*PROBLEM DETAILS:*
Every line of the data should be written out exactly, with the pictures left out.

*SOURCE DATA:*
________________________

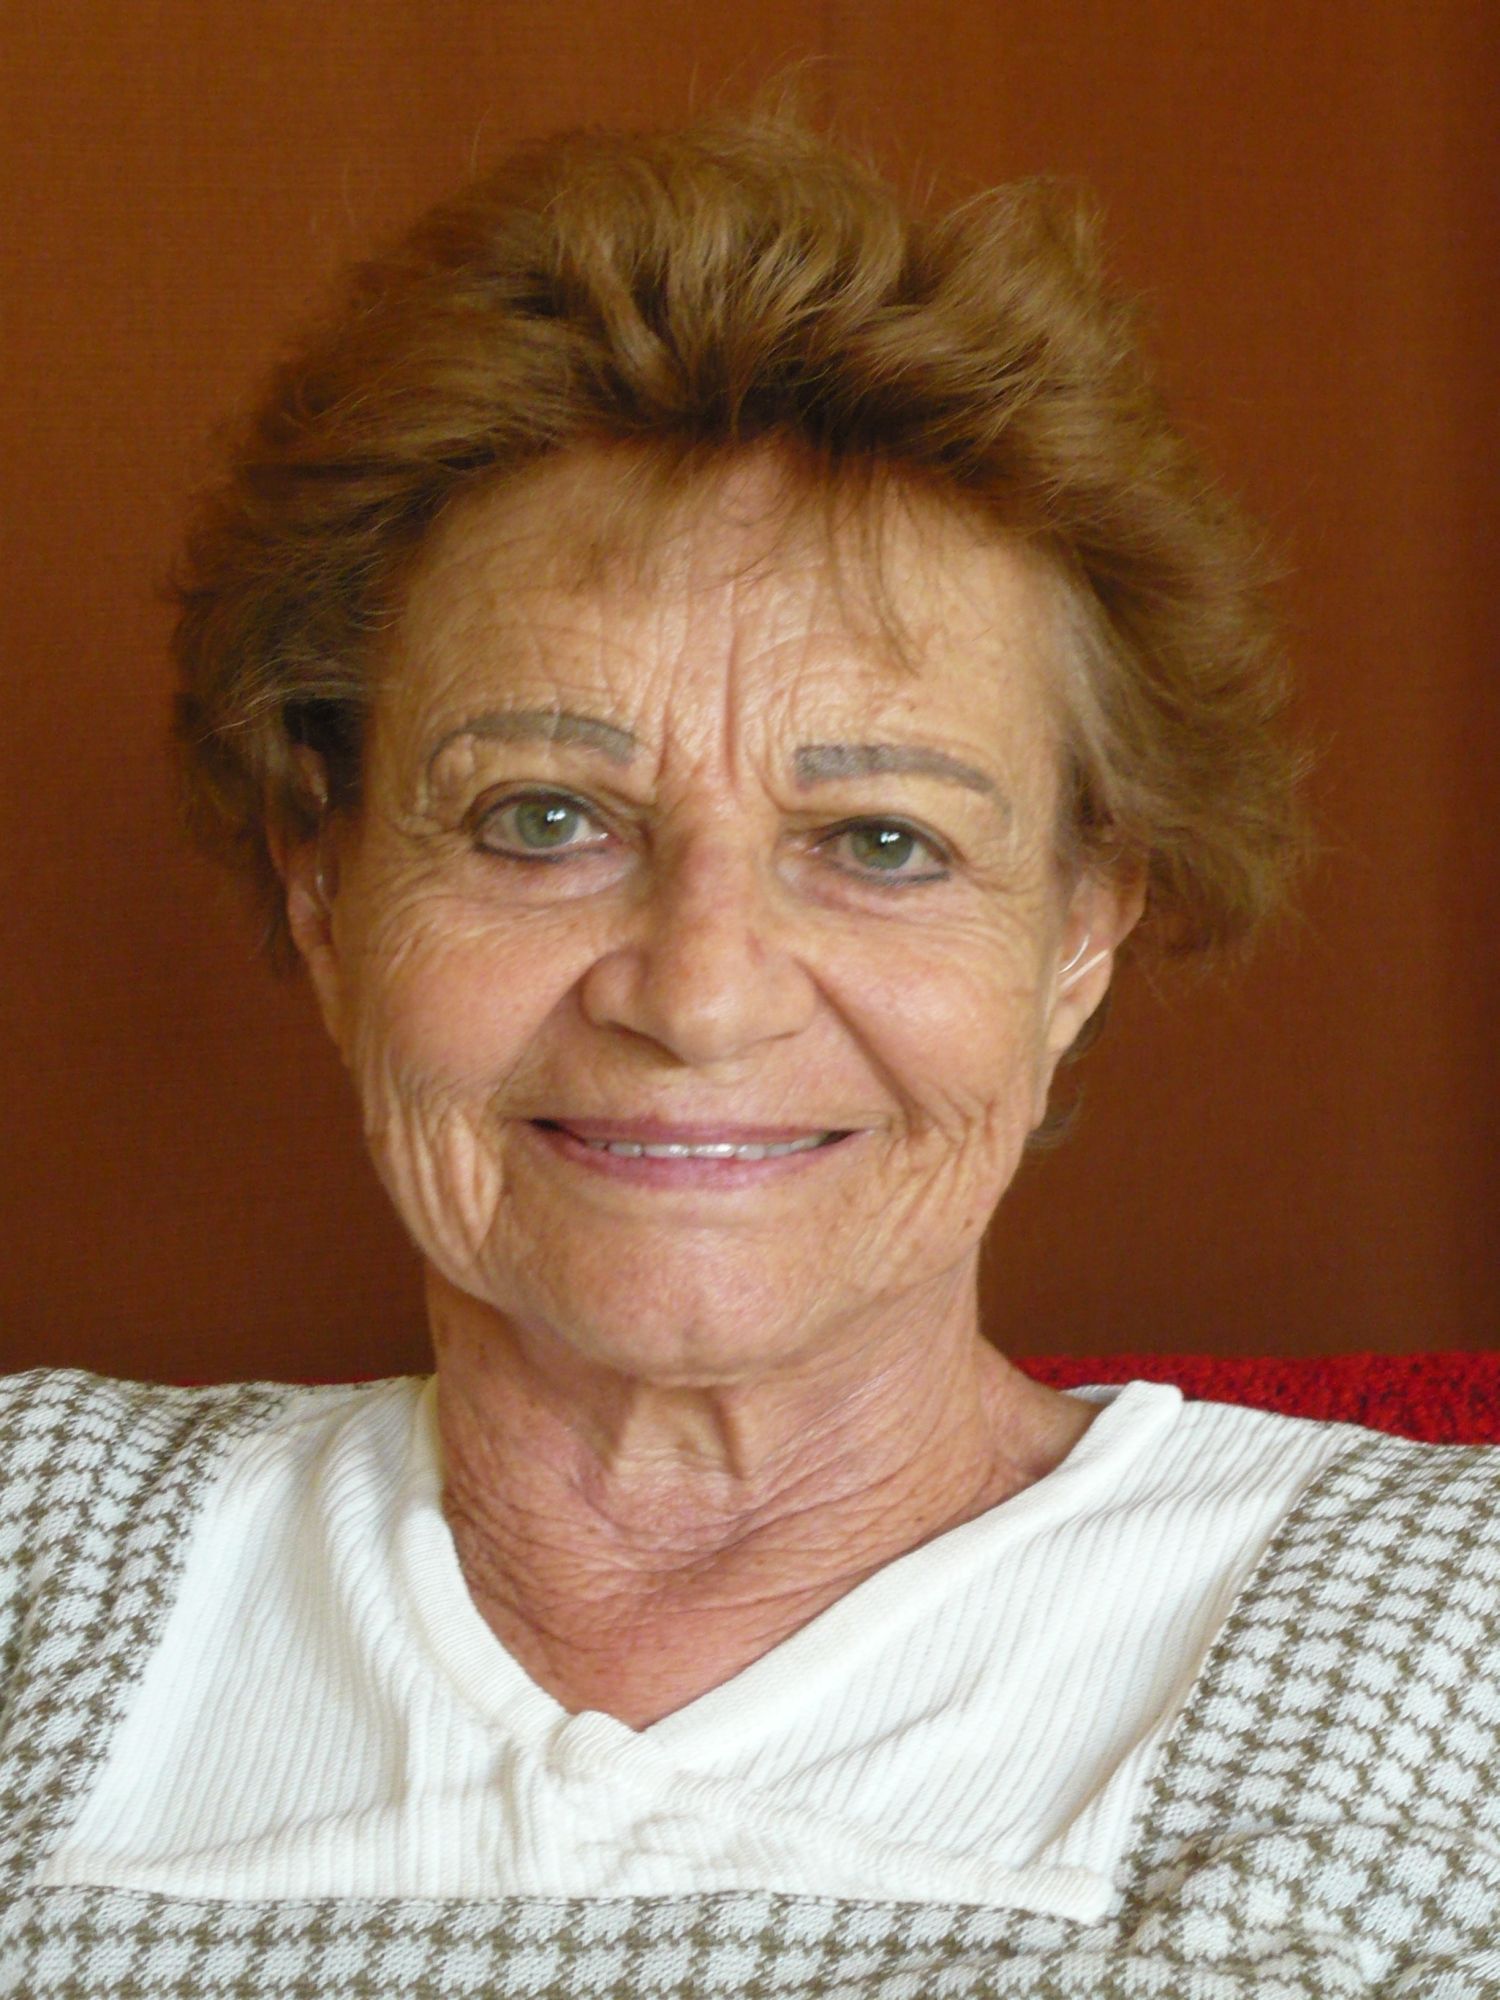 Ilsa Maier během natáčení rozhovoru v Praze v srpnu 2009
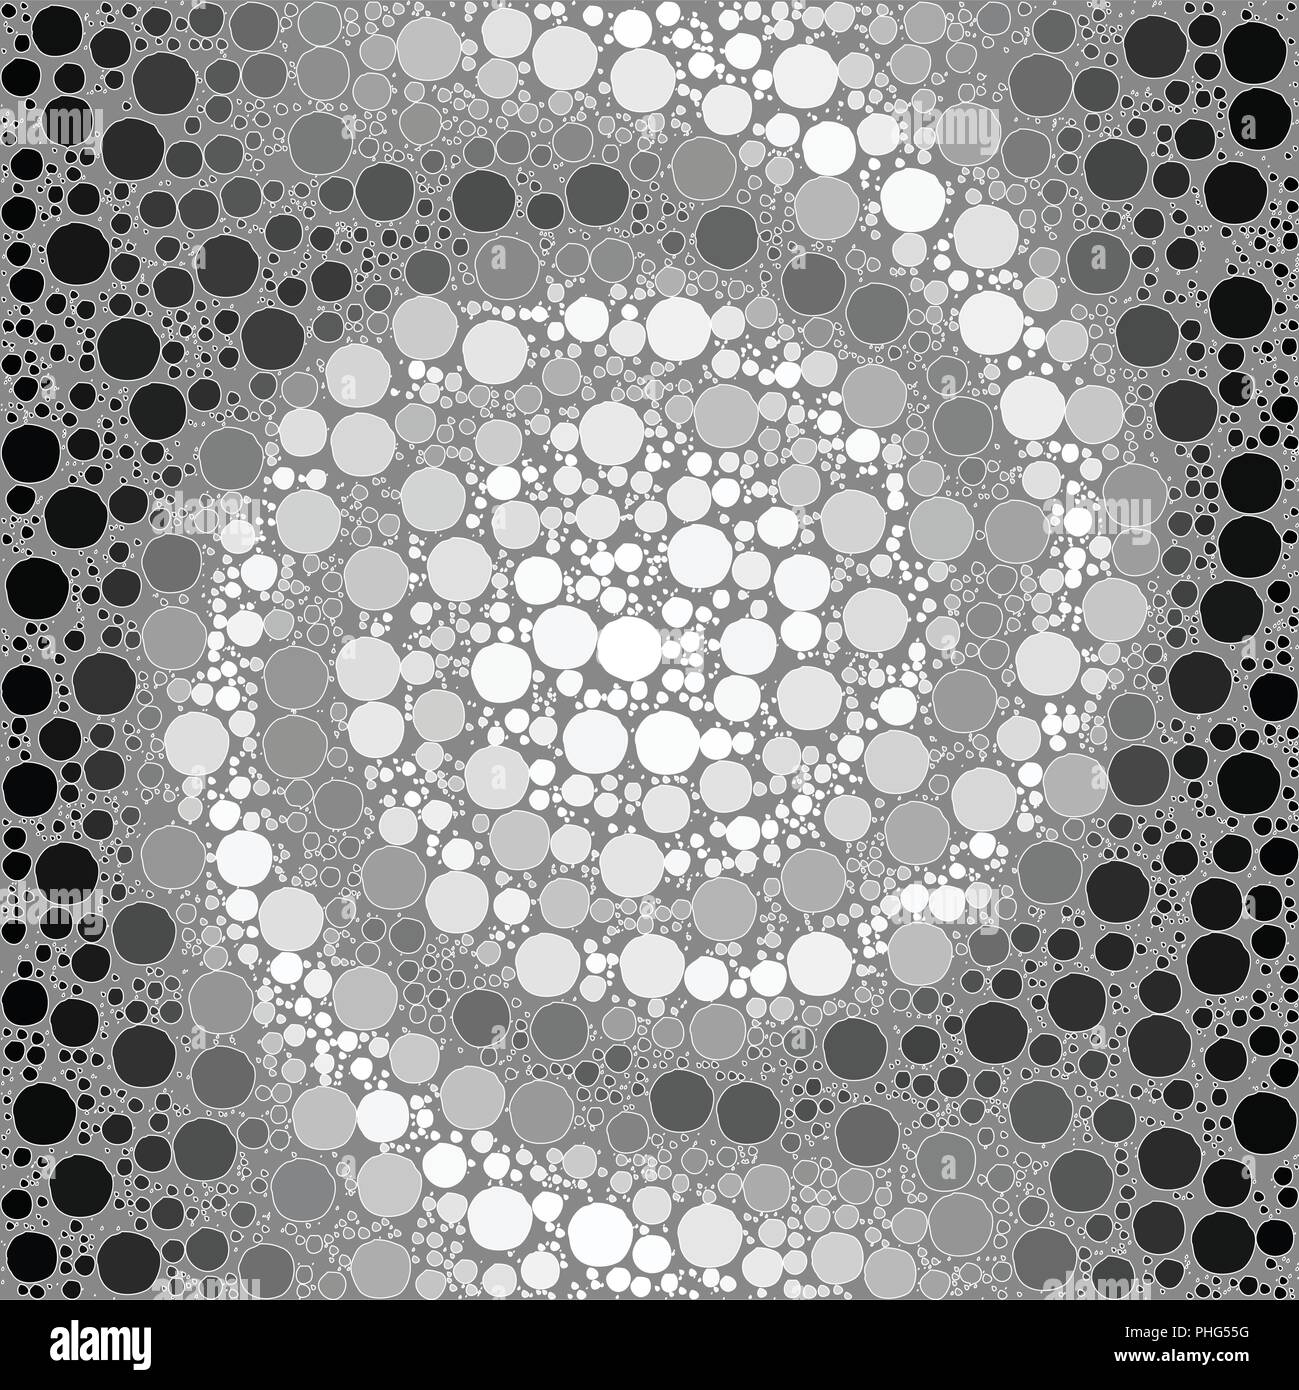 Antecedentes vectoriales de una espiral en blanco y negro del gradiente y formas redondas parecidas a burbujas estilizados. Ilustración del Vector
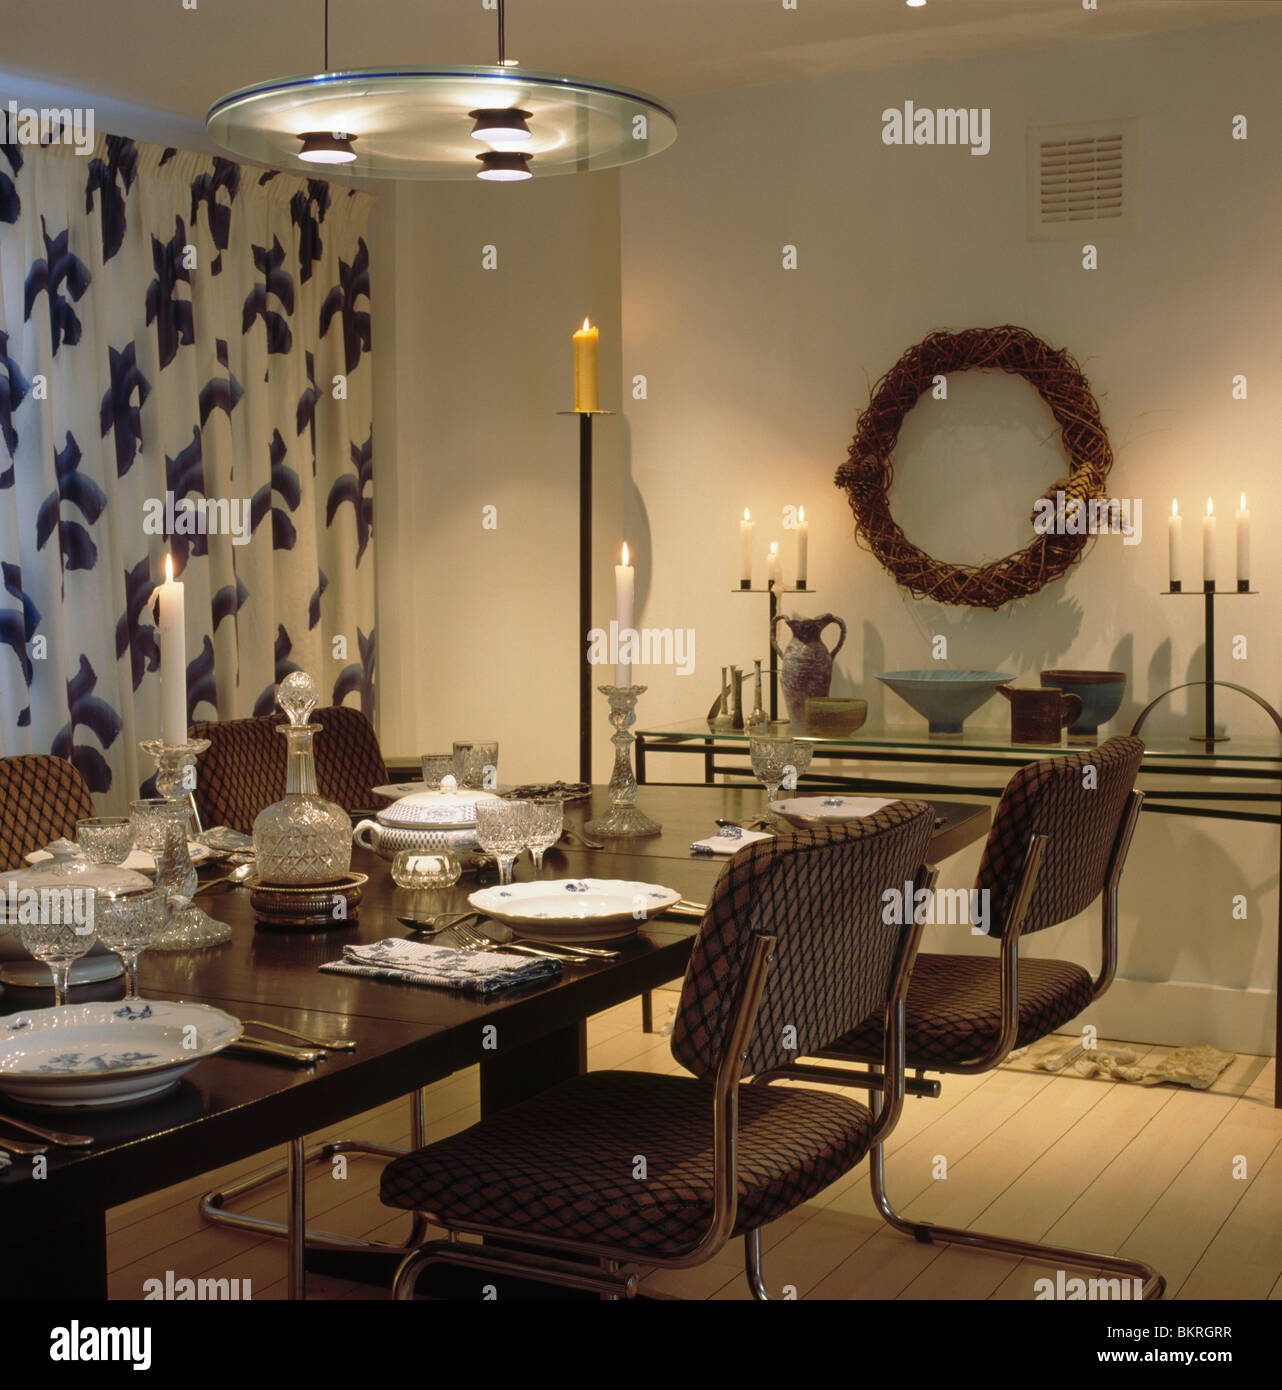 Luce circolare sopra il raccordo tavola nera in sala da pranzo con nero+bianco tende a motivi geometrici candele accese sul tavolo console Foto Stock
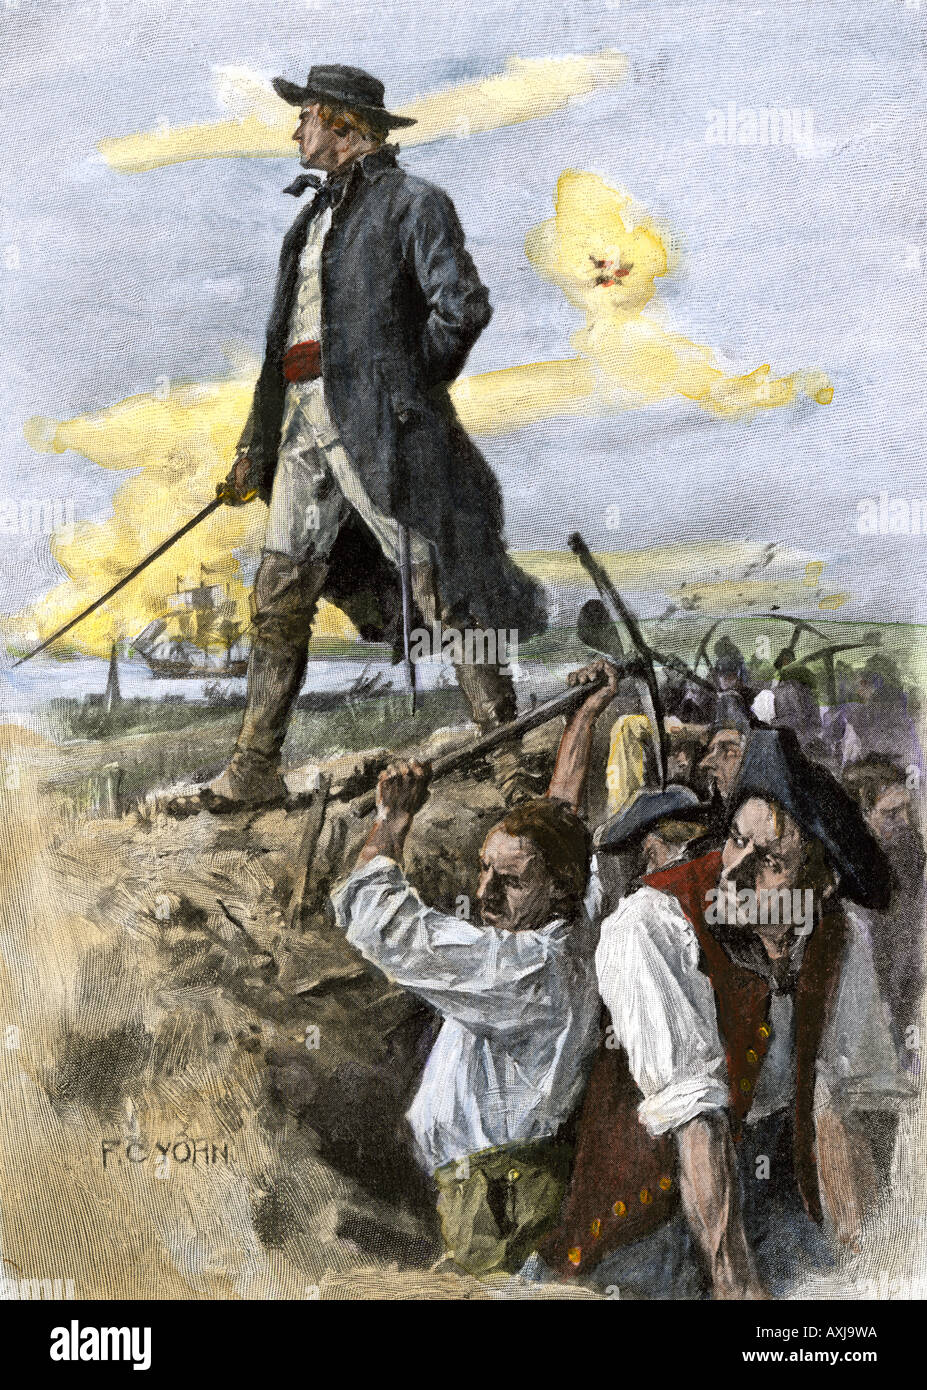 William Prescott auf Befehl der amerikanischen Minutemen verteidigenden Bunker Hill 1775. Handcolorierte halftone einer F.C. Yohn Abbildung Stockfoto

________________________

*SOLUTION:*
 Ilsa Maier během natáčení rozhovoru v Praze v srpnu 2009
 Antecedentes vectoriales de una espiral en blanco y negro del gradiente y formas redondas parecidas a burbujas estilizados. Ilustración del Vector
 Luce circolare sopra il raccordo tavola nera in sala da pranzo con nero+bianco tende a motivi geometrici candele accese sul tavolo console Foto Stock
 William Prescott auf Befehl der amerikanischen Minutemen verteidigenden Bunker Hill 1775. Handcolorierte halftone einer F.C. Yohn Abbildung Stockfoto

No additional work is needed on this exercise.